In my file is a brief poem sent to me by an anonymous friend who wrote the words of a prayer that could perhaps well be prayed by a great many.  Yes, men and women alike.  The friend penned these words,  “O Lord, keep me from being too talkative.  Spare me from thinking I have to express my opinion on every topic that comes up.  Help me not to think I can solve everyone else’s problems.  Let me be helpful, not bossy.  I have so much wisdom and experience it seems a shame not to share it‑‑but you know, Lord, I need a few friends left too.  Amen and Amen.”

“There is…a time to keep silence and a time to speak,” wrote the author of Ecclesiastes in the Bible, and knowing the difference distinguishes one who possesses real wisdom from one who does not.  Knowing when to offer advice and counsel and when to keep your mouth shut is a talent that could well be sought after by more people.  God gave us the gift of listening as well as the gift of speaking.  There is a time to speak and a time to remain silent.

A letter that was penned by a friend who spoke for so many when she wrote, “I am one of those who cannot control myself when it comes to saying what is true to a person.  There are times that I am brutally frank.  I know the truth is bitter, but my greatest defect is to tell the person what wrong he has done which he ought not to do.  Is it unchristian?”

If you find that it is easy to give unsolicited advice, ask yourself a few questions.  Do you know when you are wrong?  Or do you have to be told by others?  Do you appreciate advice or counsel when you do not ask for it?  How do you respond when others tell you what you already know?  And you have answered your own questions.
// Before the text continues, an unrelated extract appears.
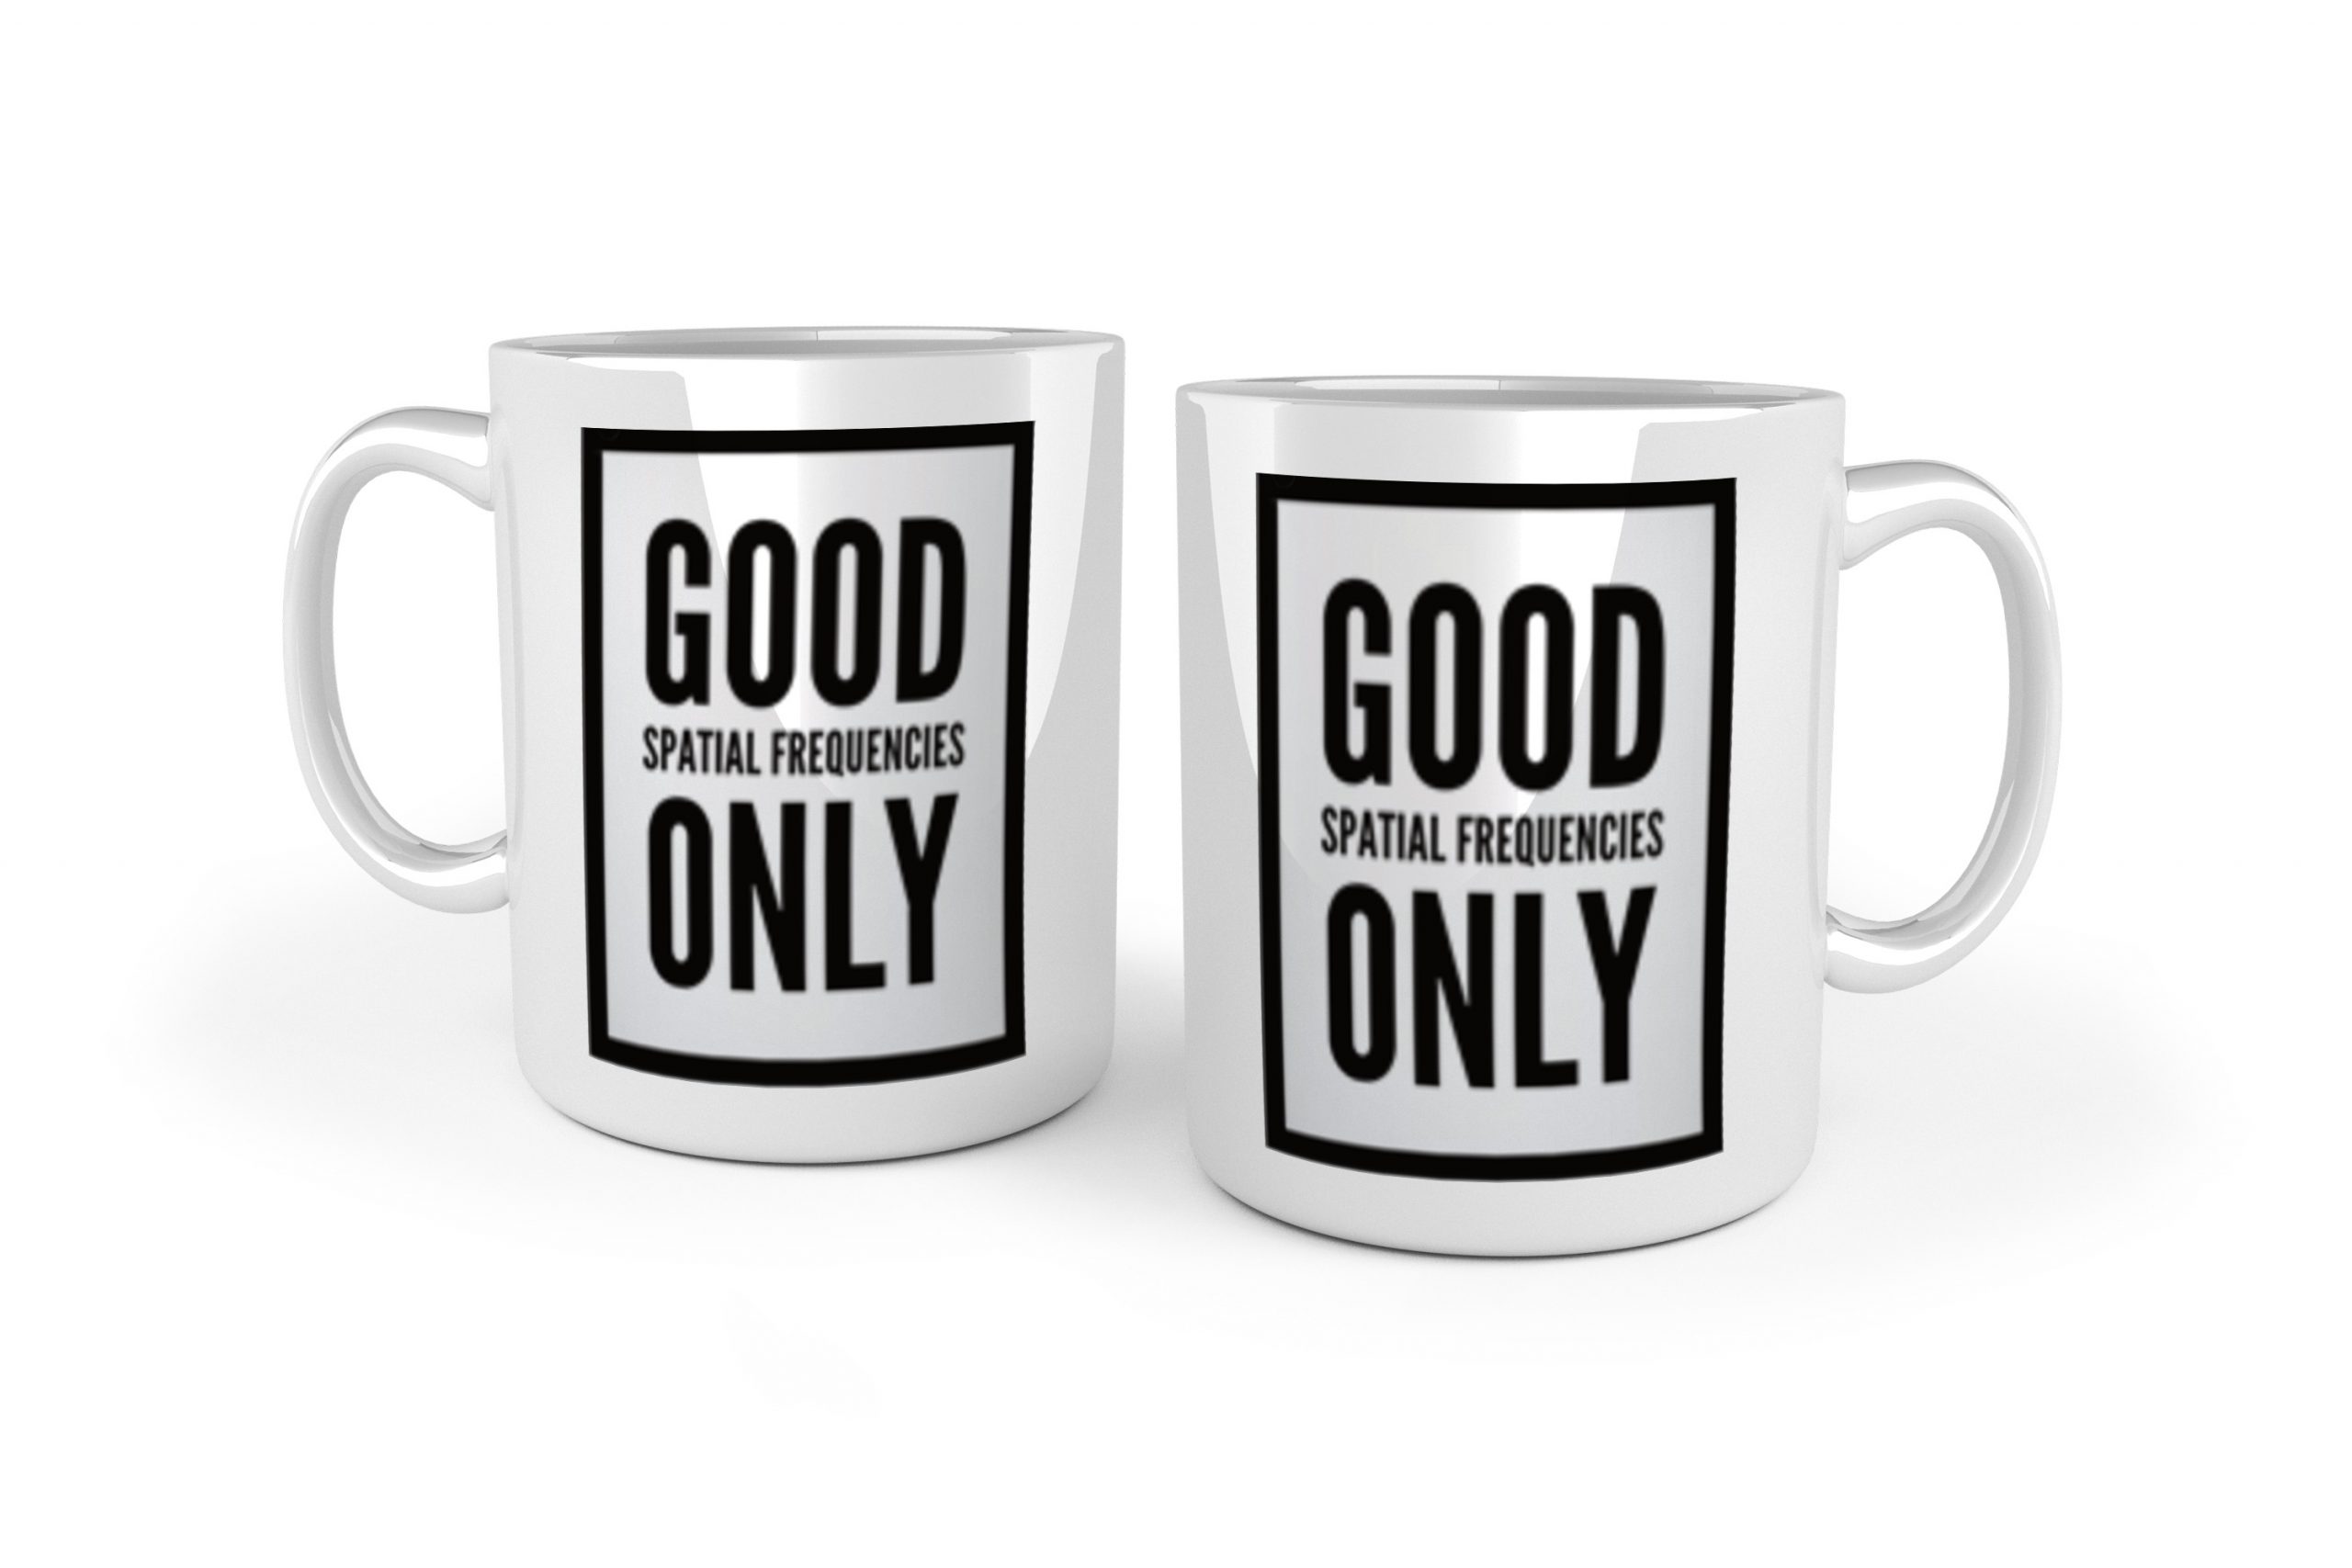 Good Spatial Frequencies Only – White Ceramic Mug

To the Ephesians Paul wrote, “Speak the truth in love,” and it is the last phrase, “in love,” that demands we learn when to remain silent.  All that you say may be true, but when it is not spoken in love, save your breath and the feelings of another.  Remember before you speak, you are the master of your words; but once you have spoken, they become master of you.  “By your words,” said Christ, “you will be acquitted and by your words you will be condemned” (Matthew 12:37).  Yes, Lord, help us to learn that there is a time to speak and a time to remain silent, and to know when to do each.